At least two rockets were fired from Lebanon into Israel over the last two weeks according to the IDF. One rocket hit an empty house in Upper Galilee. Israel lodged a complaint with the UN Interim Force in Lebanon after the first attack and returned fire following the second rocket strike. A subsequent Lebanese Army patrol uncovered a rocket launcher. At least nine rockets were fired into Israel from Lebanon during Operation Protective Edge.
A Palestinian terrorist from the Izz el-Deen al-Qassam Brigades, the armed wing of the Hamas movement, gestures inside an underground tunnel in Gaza on August 18, 2014. (Photo: Reuters)
Ansar Beit al-Maqdis (ABM), a terrorist organization operating in Sinai, claimed responsibility for beheading four alleged “Israeli informants” in the coastal province of Sheikh Zuweid. According to the masked extremists in the video, the captives provided intelligence on rocket launches from Sinai into Israel during Operation Protective Edge last month.

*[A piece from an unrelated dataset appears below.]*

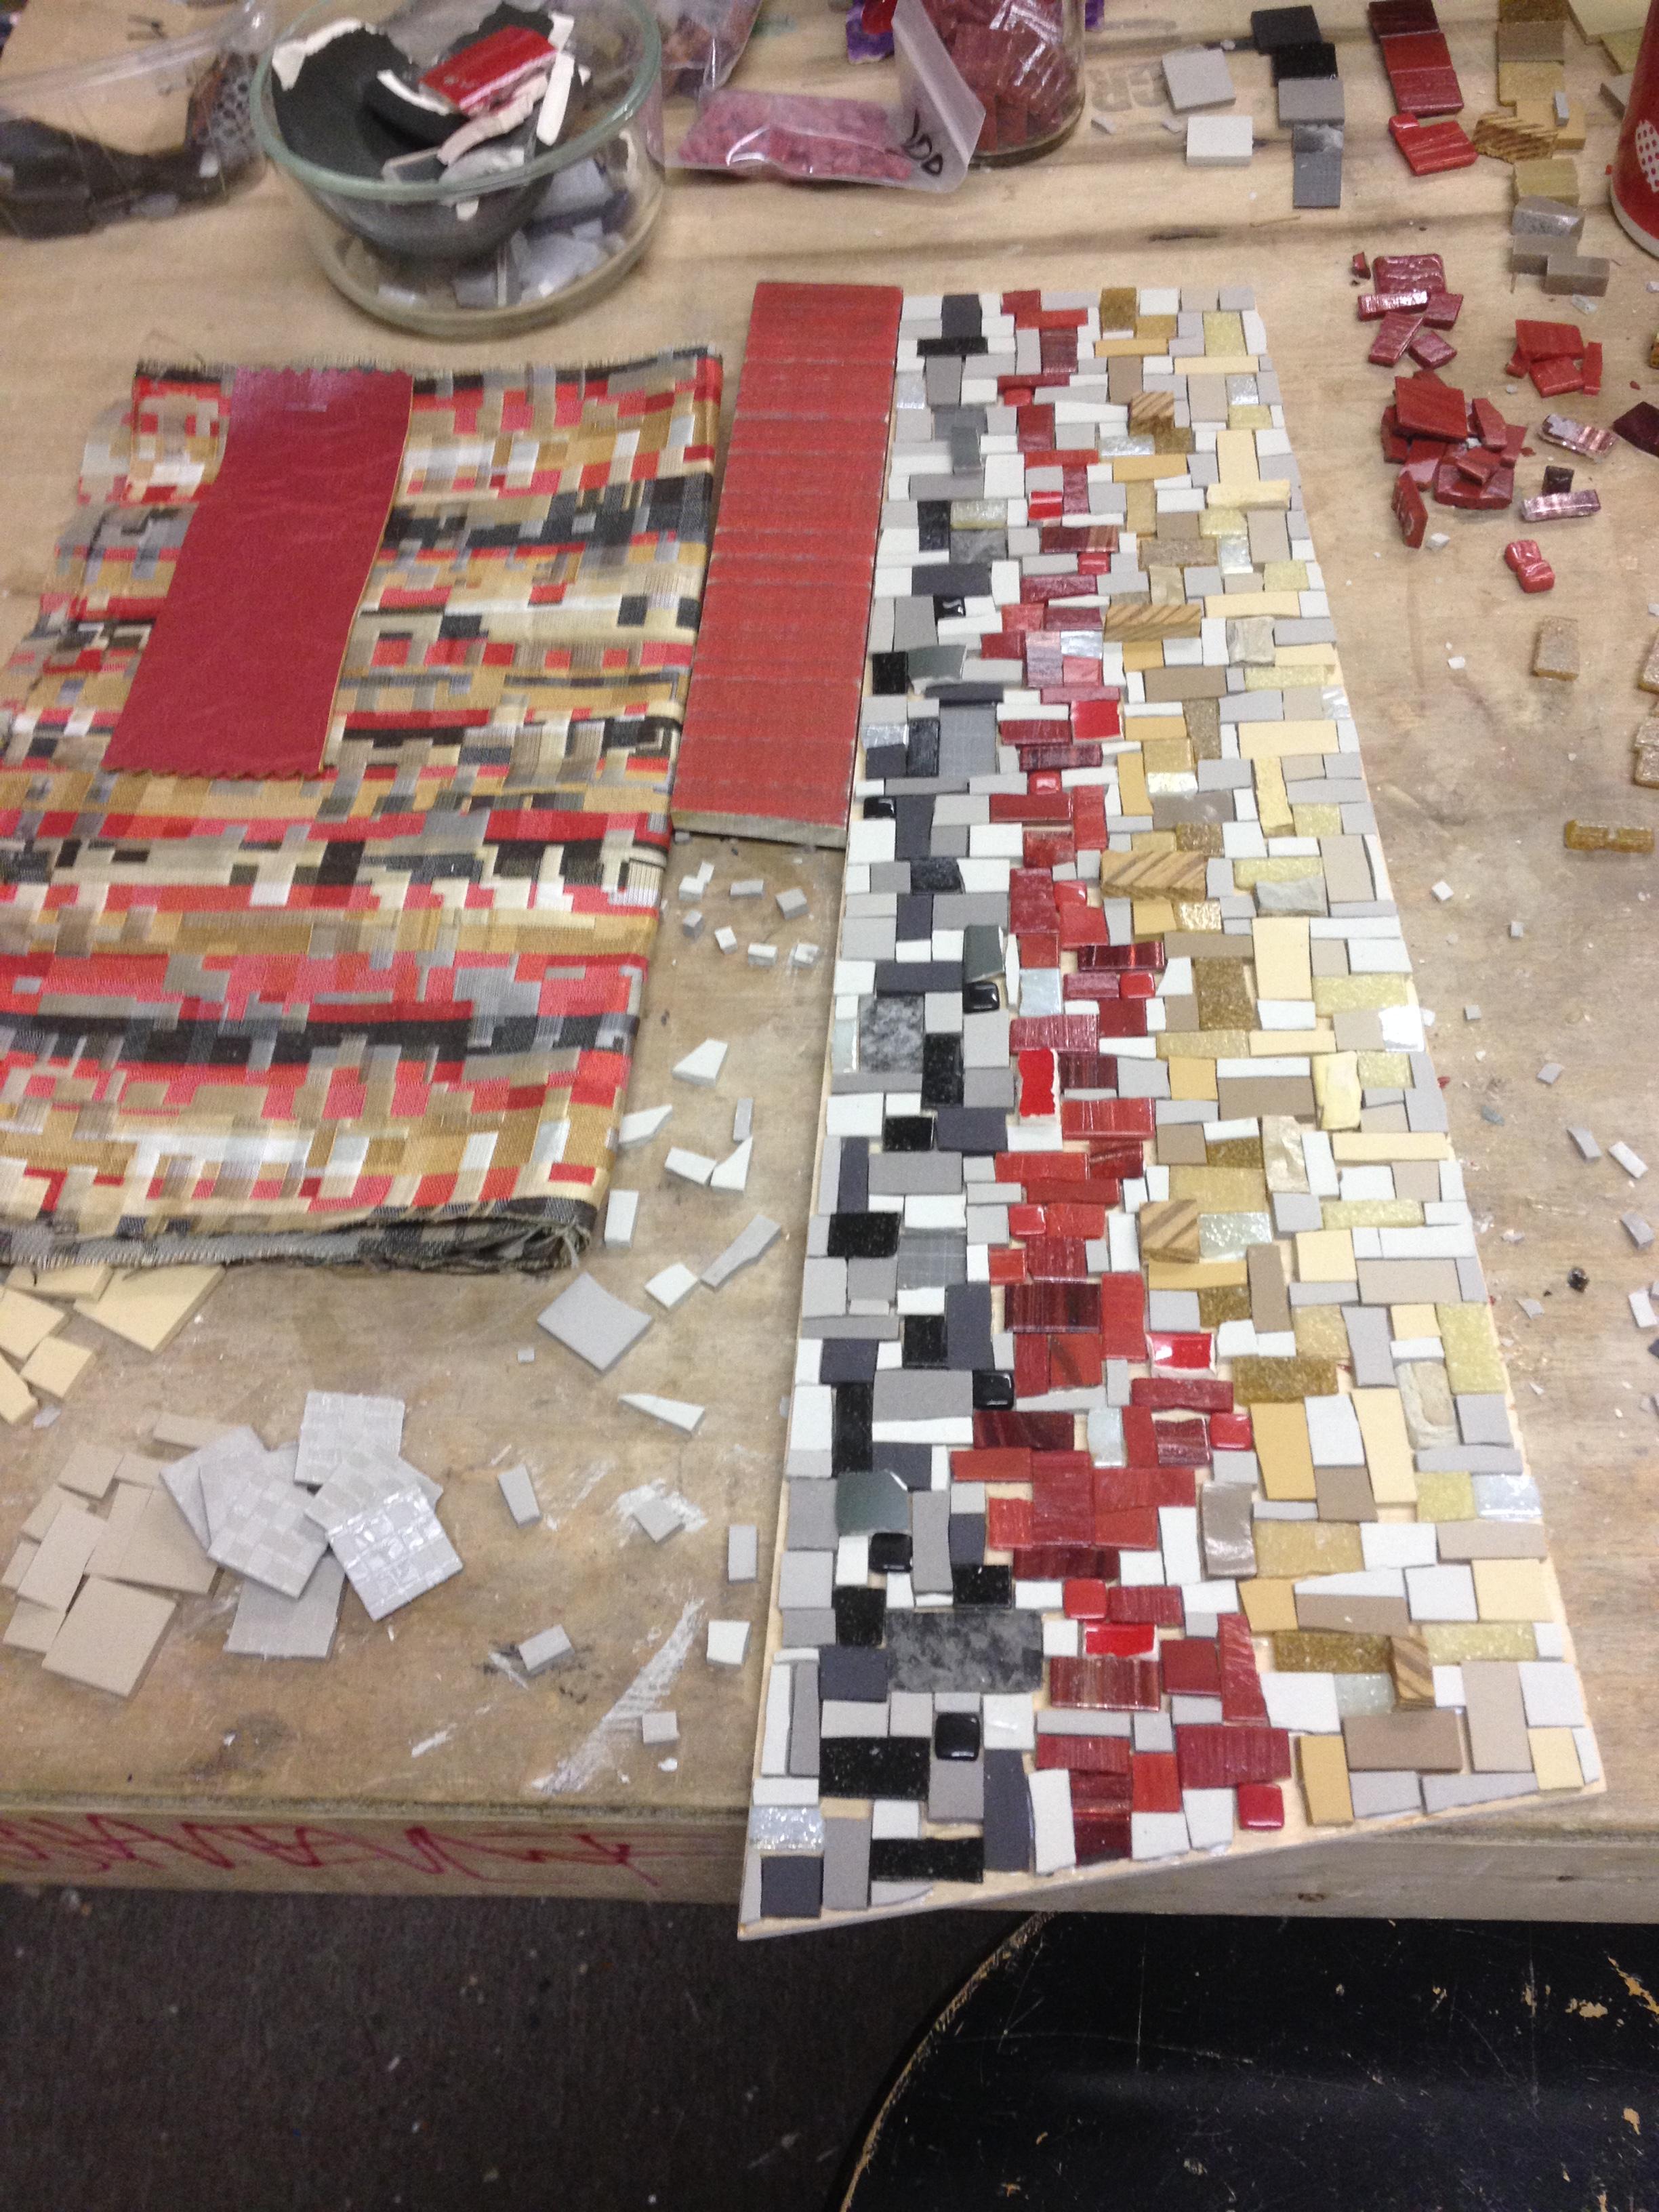 Wall-sculpture-collaboration-mosaic-PH2014.JPG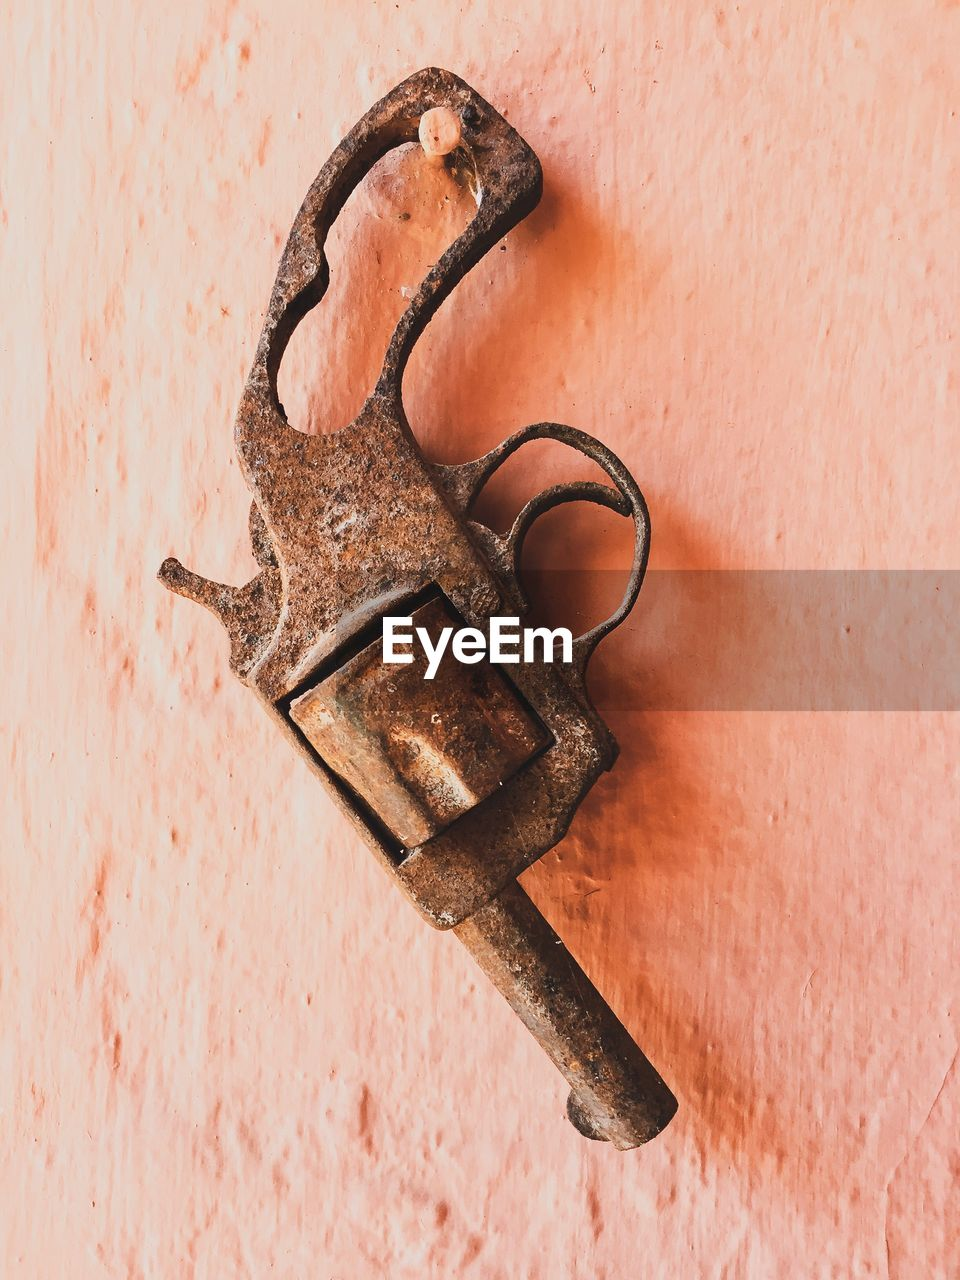 Close-up of rusty gun on wall

An attack by an IDF UAV reportedly killed three ABM militants in Egyptian territory on July 23rd.
On August 23rd the Egyptian government announced that they had killed one terrorist in Sinai and arrested 16 others during a gunfight. Two days later, 14 other militants were killed in various shootouts in Northern Sinai.
Reuters reports that tunnel activity between Egypt and Gaza increased during the recent war in Gaza. While most tunnel owners no longer publicly advertise their services, terrorist still use corridors to smuggle weapons and people across the border. The Egyptian government destroyed most of the larger tunnels over the past year but smaller ones, with diameters of 1-2 meters, are harder to detect. Other sources say Hamas and Islamic Jihad are using the tunnel infrastructure to one day launch rocket attacks at Israel from Sinai.
According to a separate report in Al-Monitor, the Egyptian military is evicting some residents of Rafah to create a buffer zone with Gaza. The move has stoked grievances from locals who do not feel properly compensated for the loss of their homes.